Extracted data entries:
_ _ _

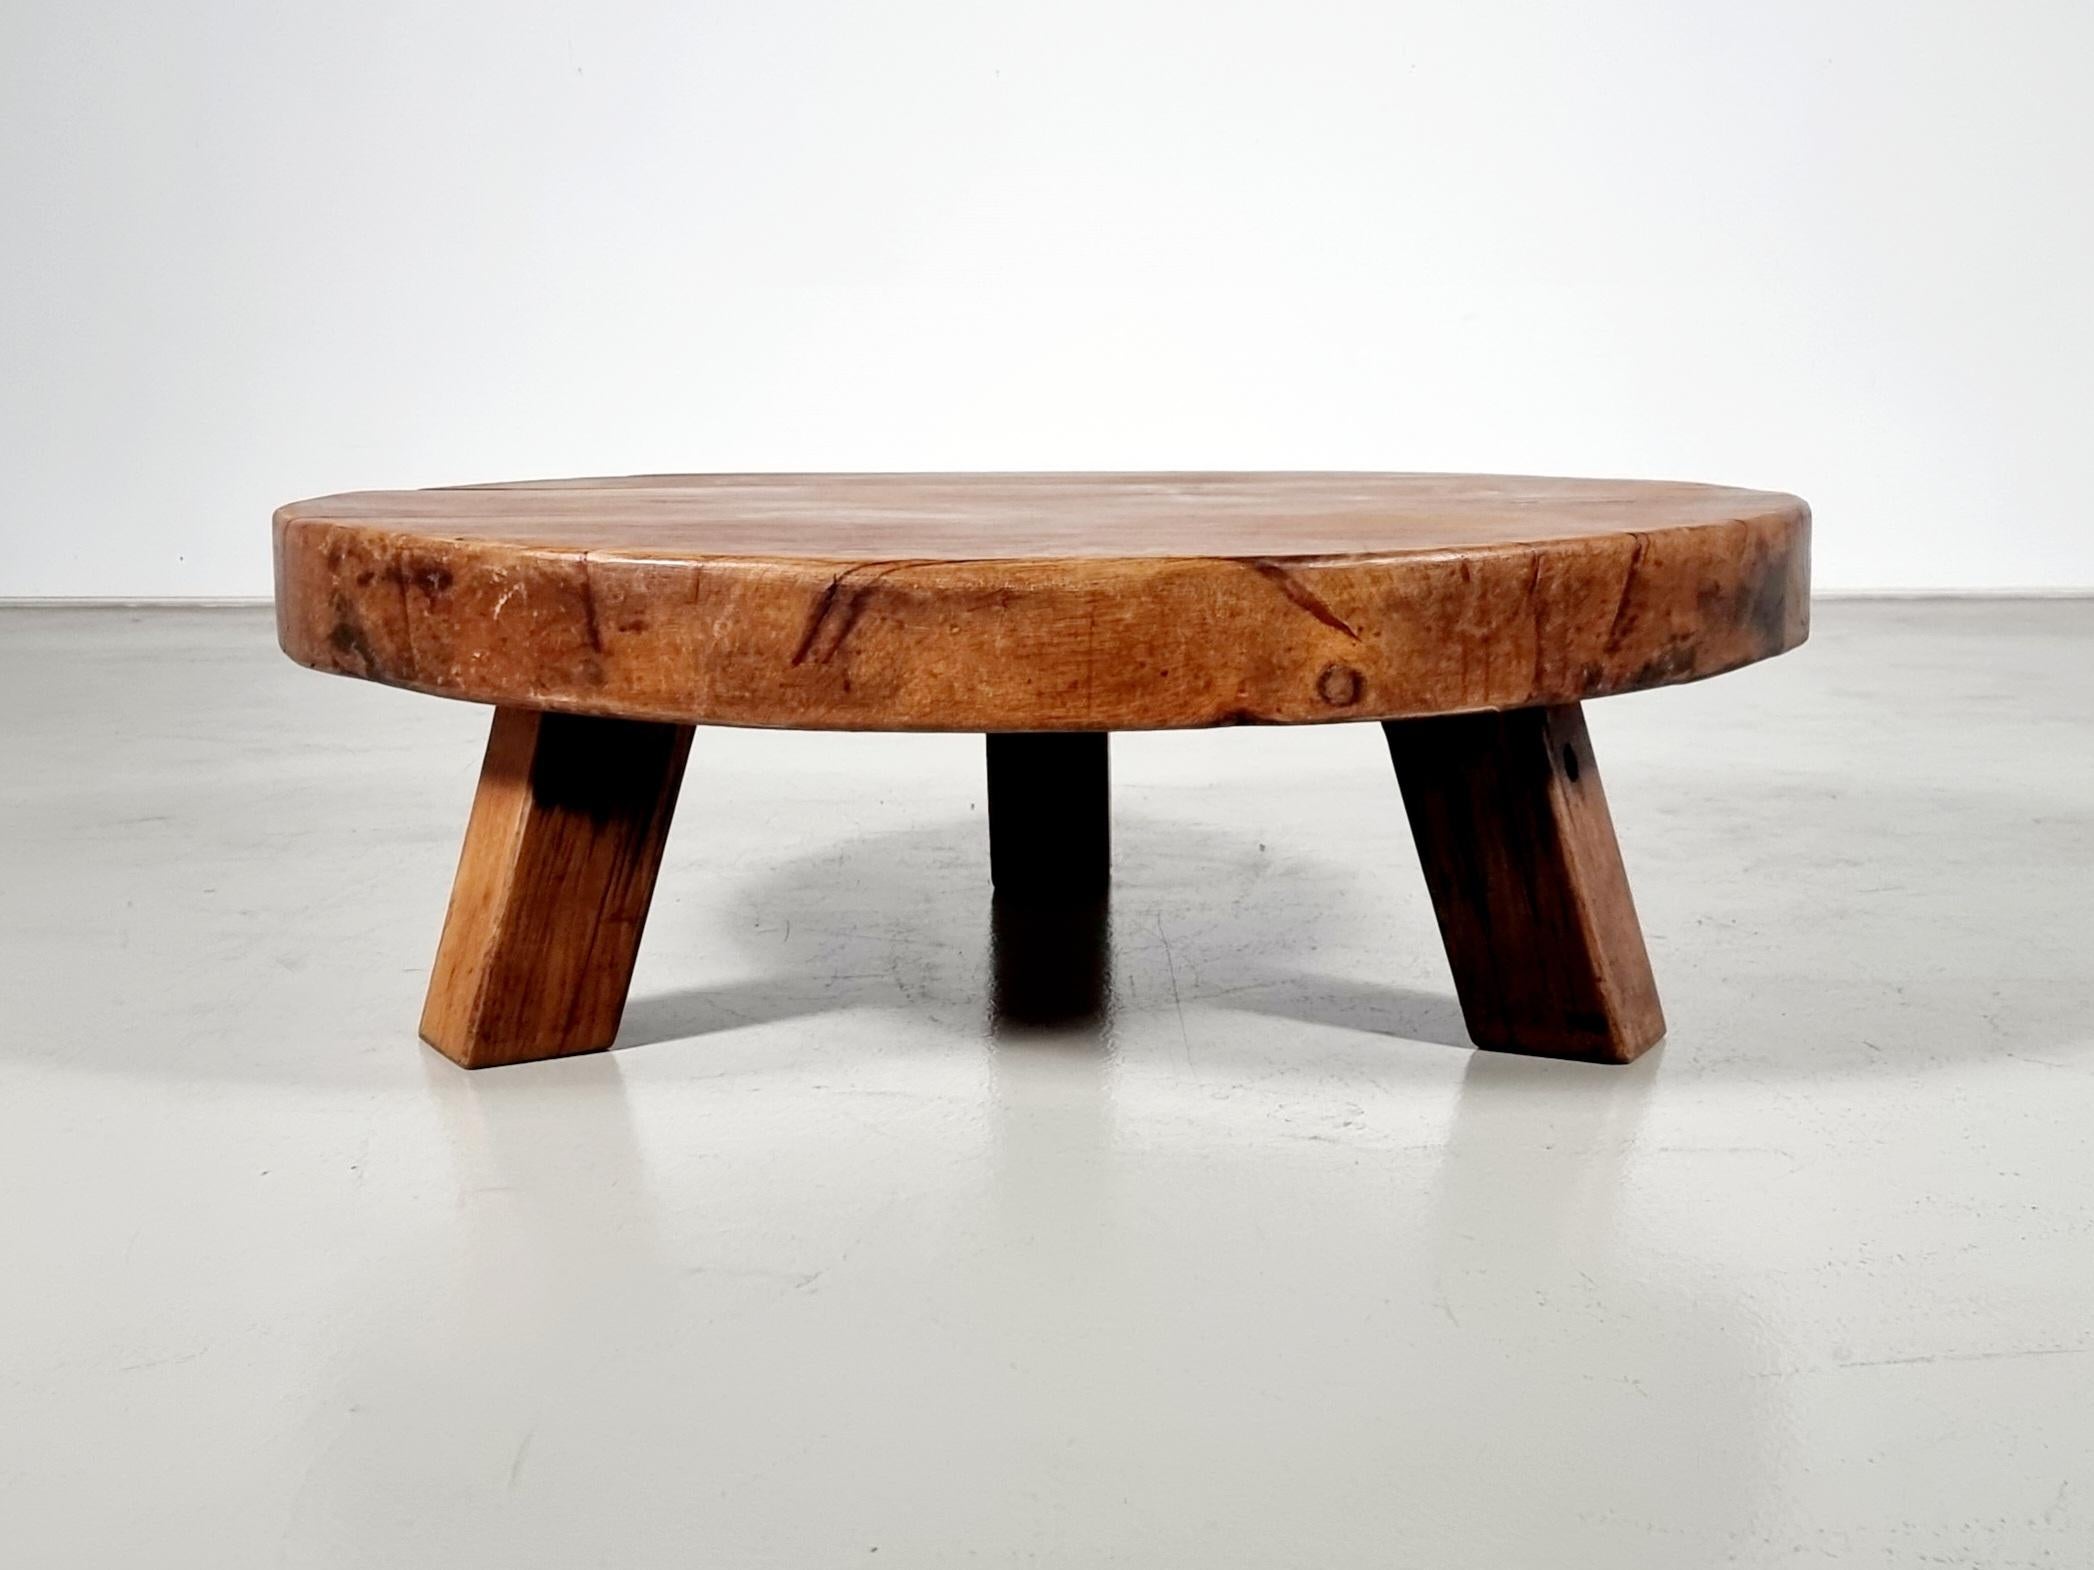 Impressionnante table basse faite à la main en très bon état d'origine.

La table est fabriquée en chêne français massif.

Le plateau rond et épais a une belle couleur chaude et est composé de poutres étroites, ce qui donne un bel effet.

La base
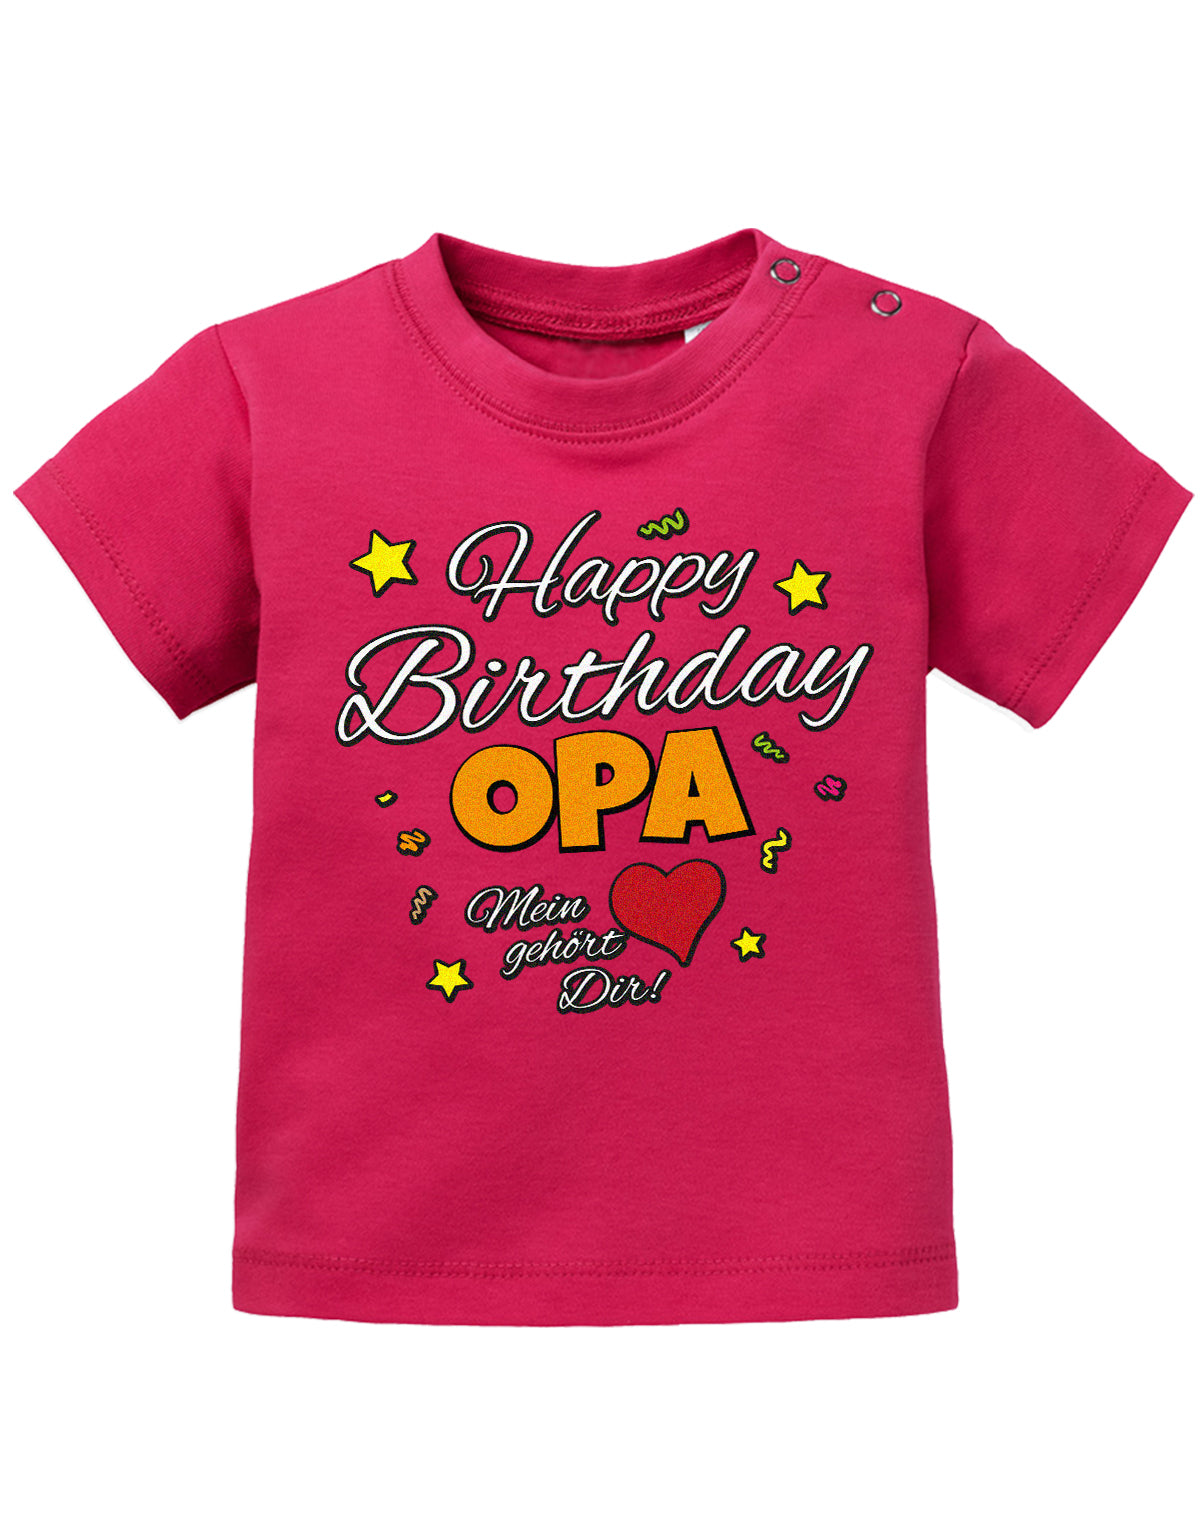 Opa Spruch Baby Shirt. Happy Birthday, Opa, mein Herz gehört Dir. Sorbet
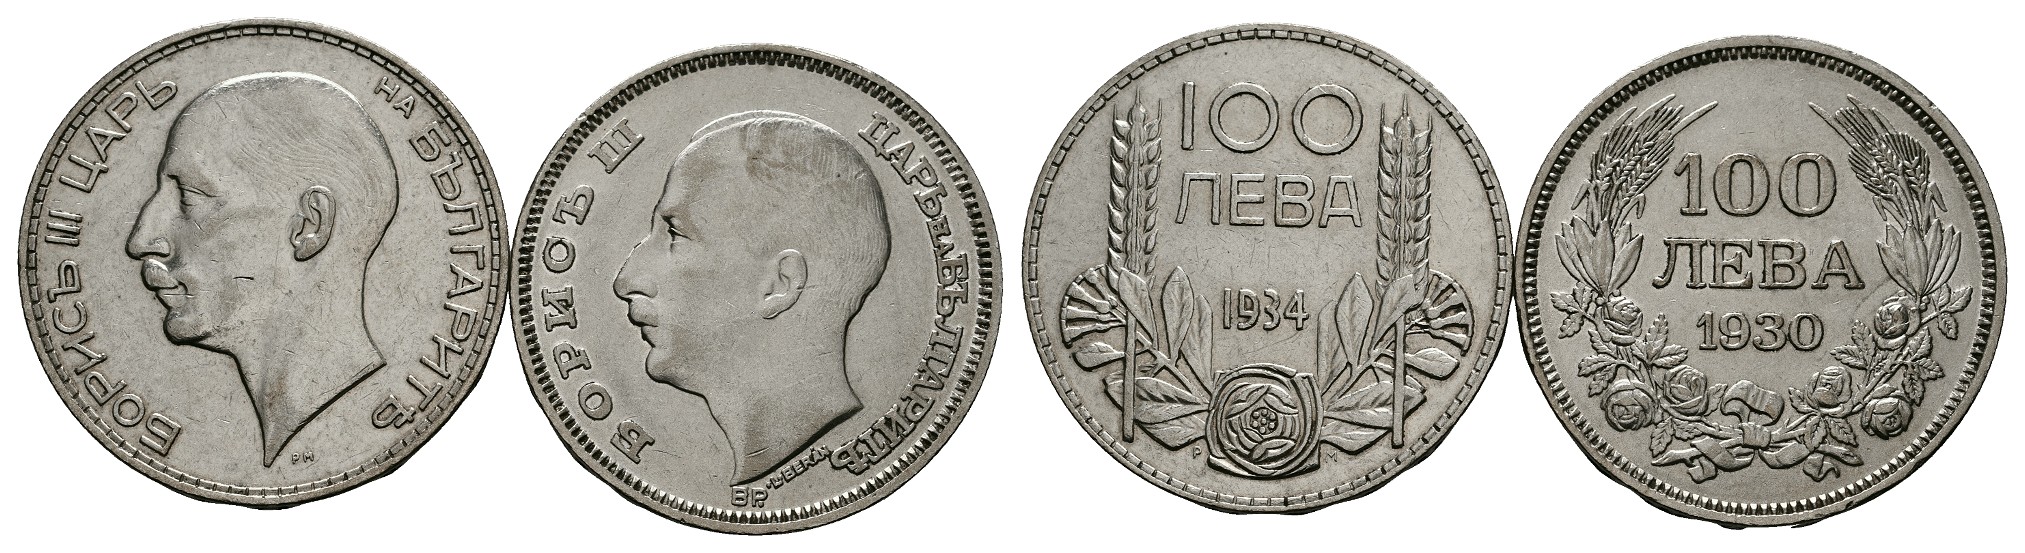  MGS Frankreich Lot 5 x 10 Francs 1930-1934 Feingewicht: 34,0g

_ _ _

▸ **TASK DESCRIPTION**:
Copy exactly the lines from the line that has "Le plateau rond" through the last line of the entries above, inclusive, and no others. Pictures do not go in the copy.

▸ **RESPONSE**:
Le plateau rond et épais a une belle couleur chaude et est composé de poutres étroites, ce qui donne un bel effet.

La base
 Opa Spruch Baby Shirt. Happy Birthday, Opa, mein Herz gehört Dir. Sorbet
  MGS Frankreich Lot 5 x 10 Francs 1930-1934 Feingewicht: 34,0g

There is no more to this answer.